Let’s review each of these, starting with the least critical and working our way upward. Low impact or low fidelity/visibility techniques are techniques which the organization has accepted as having minimal detection. This may also include techniques which are not applicable based upon the organization, such as ICS specific techniques in a Windows only environment or have been mitigated in other ways. Alerts from detections that do exist for these techniques will most likely be informational rather than reviewed by an analyst. Medium to low maturity SOCs may ignore default alerting or put no effort in creating detections for these techniques. For example, we may have tools which detect scanning of our network but only use this information for forensic analysis. In these circumstances coverage metrics do not make sense. We have accepted the risk of not having visibility. Instead, we only want to capture efficiency metrics. This allows us to identify whether SOC analysts are still triaging these alerts and how much valuable time is being spent on them. Even though we are not building detections for these techniques, identifying and categorizing them is still valuable so they are not included in our medium and high impact technique metrics.

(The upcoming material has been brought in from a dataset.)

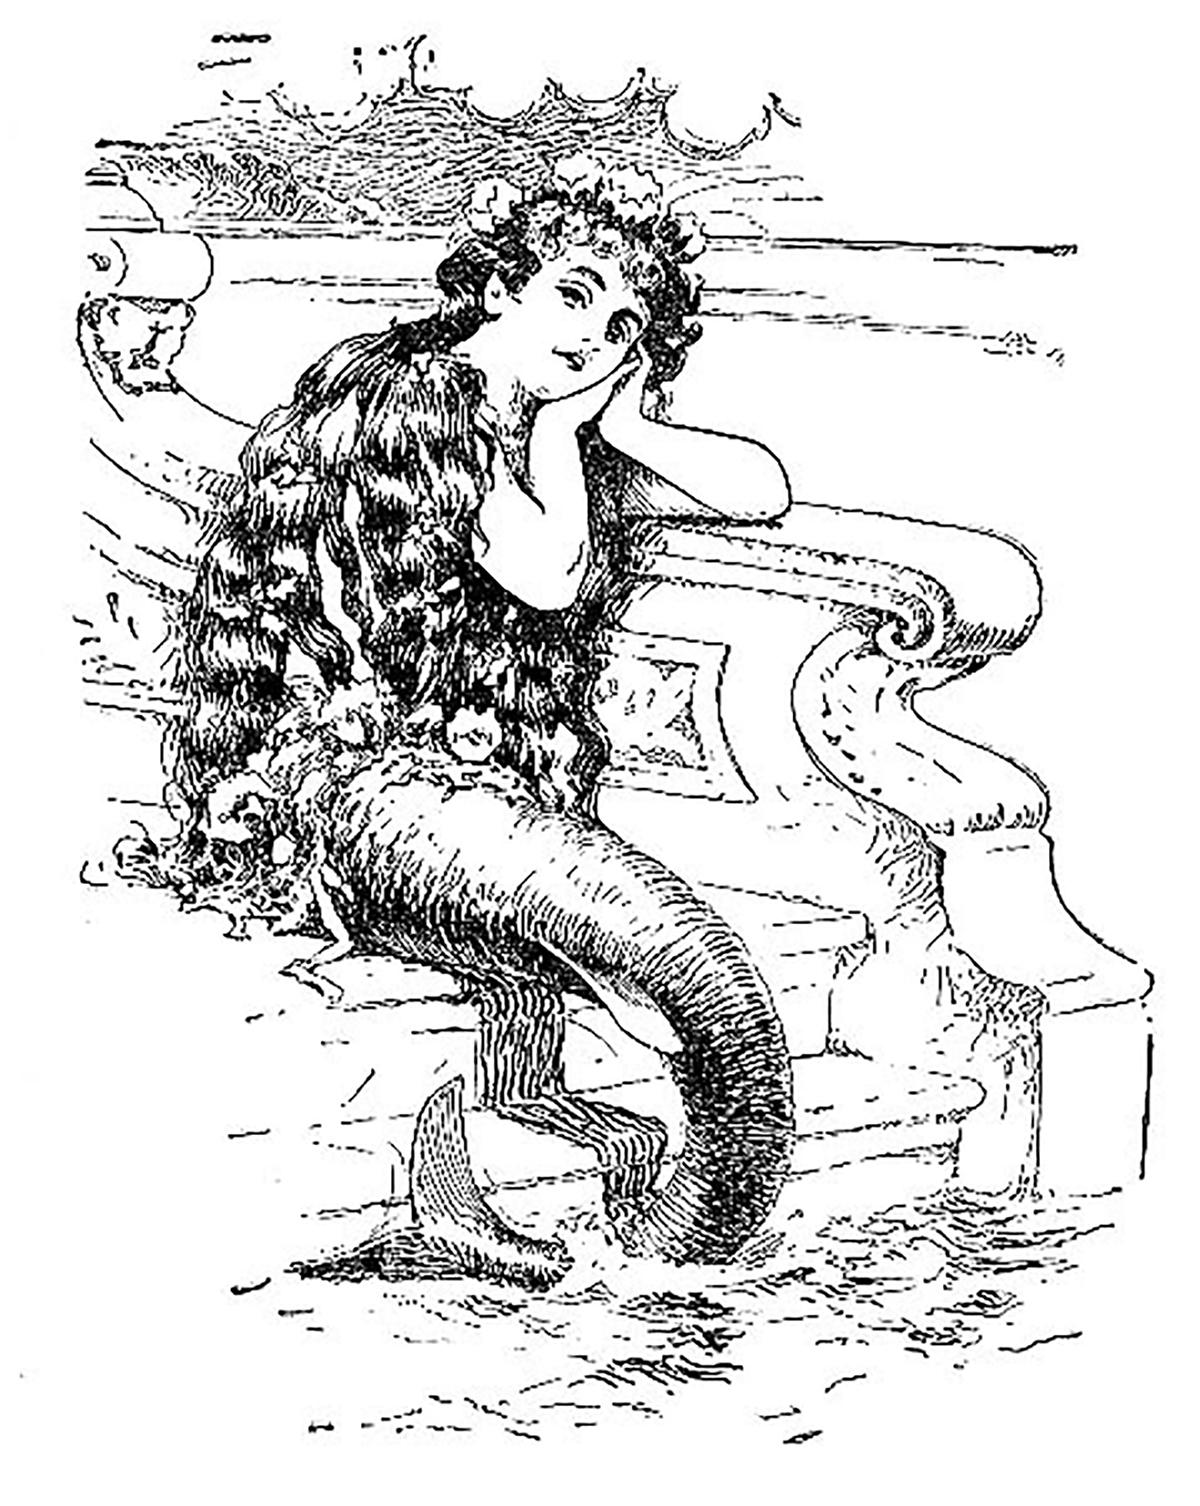 Mermaid on steps
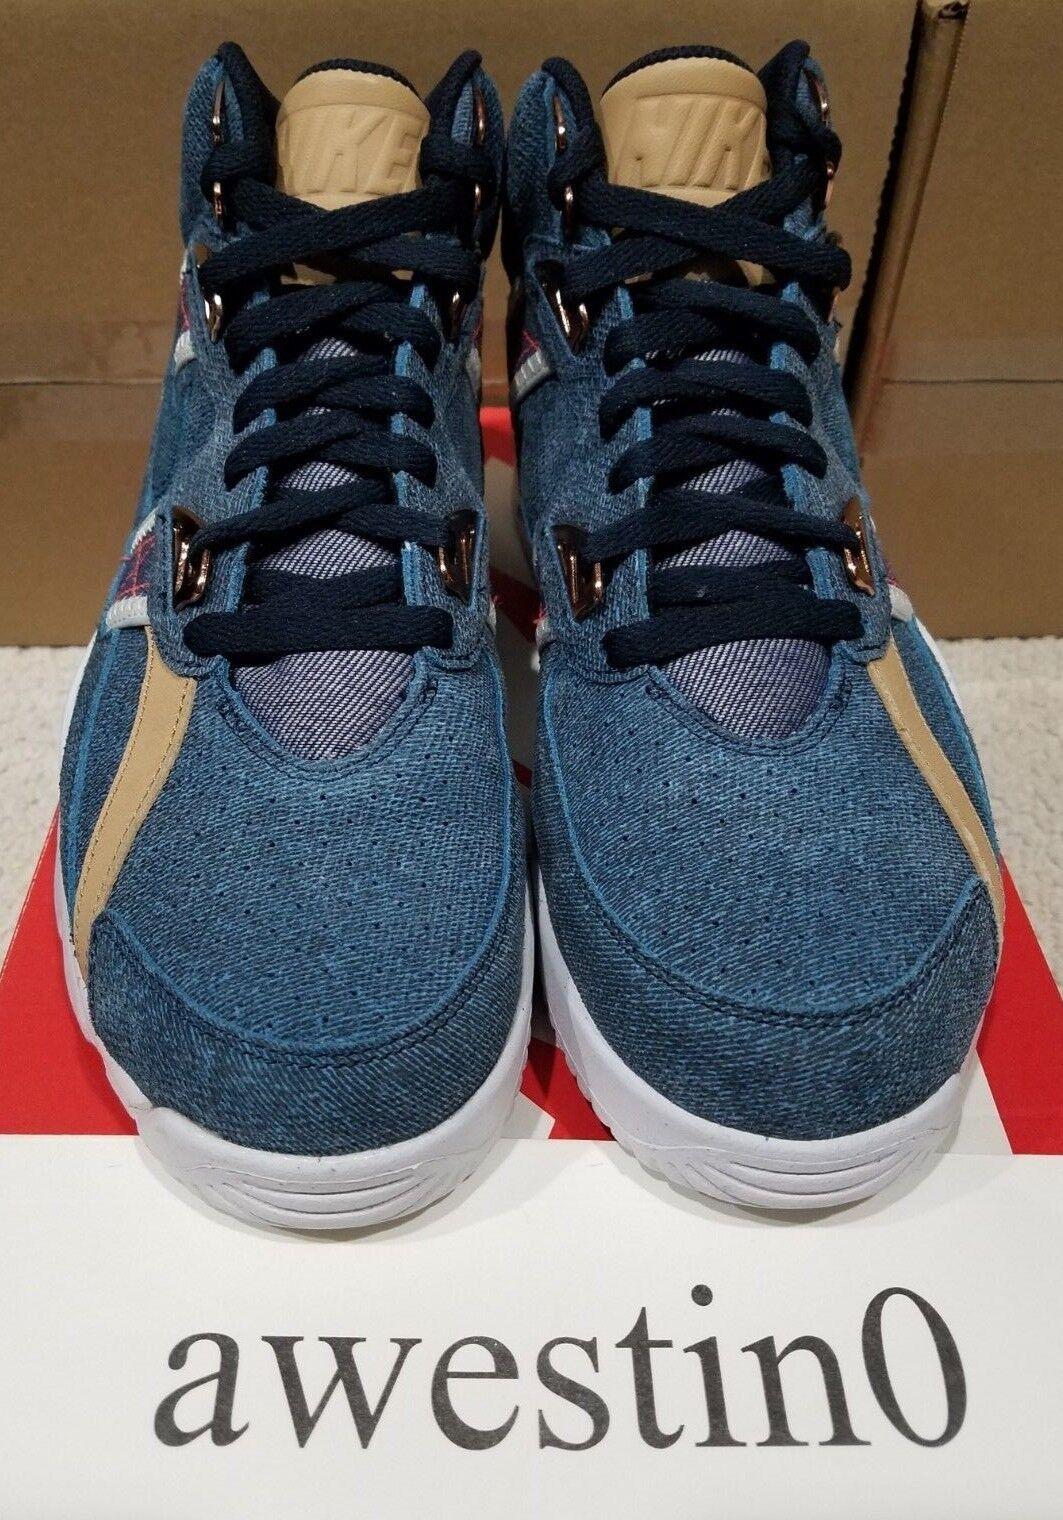 aa0eebe67616 Nike Air Trainer SC High PRM Denim Men s Size 10 Hi Shoes SNEAKERS ...

Medium to High Impact techniques are those that the organization has identified as valuable but have not identified them for in-depth analysis. In these circumstances we may be reliant upon detections included within 3rd party tools or open-source detections. For most SOCs the majority of techniques most likely will fall within this category. In these circumstances we may create some low fidelity coverage metrics such as the number of detections per technique, or efficacy metrics such as false-positive rates.

High Impact Techniques are techniques the SOC has identified as commonly used by adversaries that target their organization’s infrastructure and thus are marked for in-depth analysis. These are techniques that the SOC is building custom detections for and should track metrics that answer the difficult question of, how good are we doing?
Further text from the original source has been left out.